Every line in the records below between the one holding "was always weak" and the one holding "Open House, Fisher's", inclusive, is to be set down exactly; all other lines are to be left out.

■ INPUT RECORDS:
╔══

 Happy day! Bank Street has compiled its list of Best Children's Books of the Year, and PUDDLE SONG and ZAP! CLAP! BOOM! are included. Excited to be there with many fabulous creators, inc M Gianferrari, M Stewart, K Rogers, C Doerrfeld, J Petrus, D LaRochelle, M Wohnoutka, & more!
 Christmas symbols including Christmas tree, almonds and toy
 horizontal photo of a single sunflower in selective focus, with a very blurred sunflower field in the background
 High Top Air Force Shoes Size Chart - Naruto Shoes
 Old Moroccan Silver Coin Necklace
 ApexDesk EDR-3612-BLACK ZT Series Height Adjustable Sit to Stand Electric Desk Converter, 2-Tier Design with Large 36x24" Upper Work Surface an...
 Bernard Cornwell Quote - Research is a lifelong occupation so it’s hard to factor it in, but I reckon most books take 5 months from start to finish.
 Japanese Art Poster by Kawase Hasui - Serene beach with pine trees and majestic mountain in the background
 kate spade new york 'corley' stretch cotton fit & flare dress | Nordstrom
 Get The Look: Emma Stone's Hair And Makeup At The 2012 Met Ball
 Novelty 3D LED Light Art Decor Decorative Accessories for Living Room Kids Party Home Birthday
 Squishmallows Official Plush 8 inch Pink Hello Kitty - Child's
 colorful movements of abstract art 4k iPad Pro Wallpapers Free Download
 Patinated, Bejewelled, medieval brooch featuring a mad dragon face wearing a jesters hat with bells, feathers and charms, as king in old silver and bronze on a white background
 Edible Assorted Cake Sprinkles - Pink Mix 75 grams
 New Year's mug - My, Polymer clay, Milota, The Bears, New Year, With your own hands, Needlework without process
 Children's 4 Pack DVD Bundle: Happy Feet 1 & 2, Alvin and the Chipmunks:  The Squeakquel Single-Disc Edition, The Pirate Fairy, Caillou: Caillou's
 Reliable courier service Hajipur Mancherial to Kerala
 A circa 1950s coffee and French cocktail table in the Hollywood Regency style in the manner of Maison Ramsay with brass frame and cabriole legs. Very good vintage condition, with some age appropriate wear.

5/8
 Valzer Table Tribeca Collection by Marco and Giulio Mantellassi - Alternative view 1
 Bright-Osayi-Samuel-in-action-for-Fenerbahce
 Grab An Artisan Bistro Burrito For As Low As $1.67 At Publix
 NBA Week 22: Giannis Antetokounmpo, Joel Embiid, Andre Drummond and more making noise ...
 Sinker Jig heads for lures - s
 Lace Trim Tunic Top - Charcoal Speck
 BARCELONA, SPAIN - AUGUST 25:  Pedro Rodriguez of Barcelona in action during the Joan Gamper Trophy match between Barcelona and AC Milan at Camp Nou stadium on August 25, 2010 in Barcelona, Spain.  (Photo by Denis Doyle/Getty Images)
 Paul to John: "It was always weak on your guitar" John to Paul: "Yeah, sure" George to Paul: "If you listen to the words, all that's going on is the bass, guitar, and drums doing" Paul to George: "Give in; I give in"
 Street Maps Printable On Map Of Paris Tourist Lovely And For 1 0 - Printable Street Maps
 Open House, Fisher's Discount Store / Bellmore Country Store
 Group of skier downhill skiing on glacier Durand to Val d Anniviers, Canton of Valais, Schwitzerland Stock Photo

╚══

■ ANSWER SECTION:
 Paul to John: "It was always weak on your guitar" John to Paul: "Yeah, sure" George to Paul: "If you listen to the words, all that's going on is the bass, guitar, and drums doing" Paul to George: "Give in; I give in"
 Street Maps Printable On Map Of Paris Tourist Lovely And For 1 0 - Printable Street Maps
 Open House, Fisher's Discount Store / Bellmore Country Store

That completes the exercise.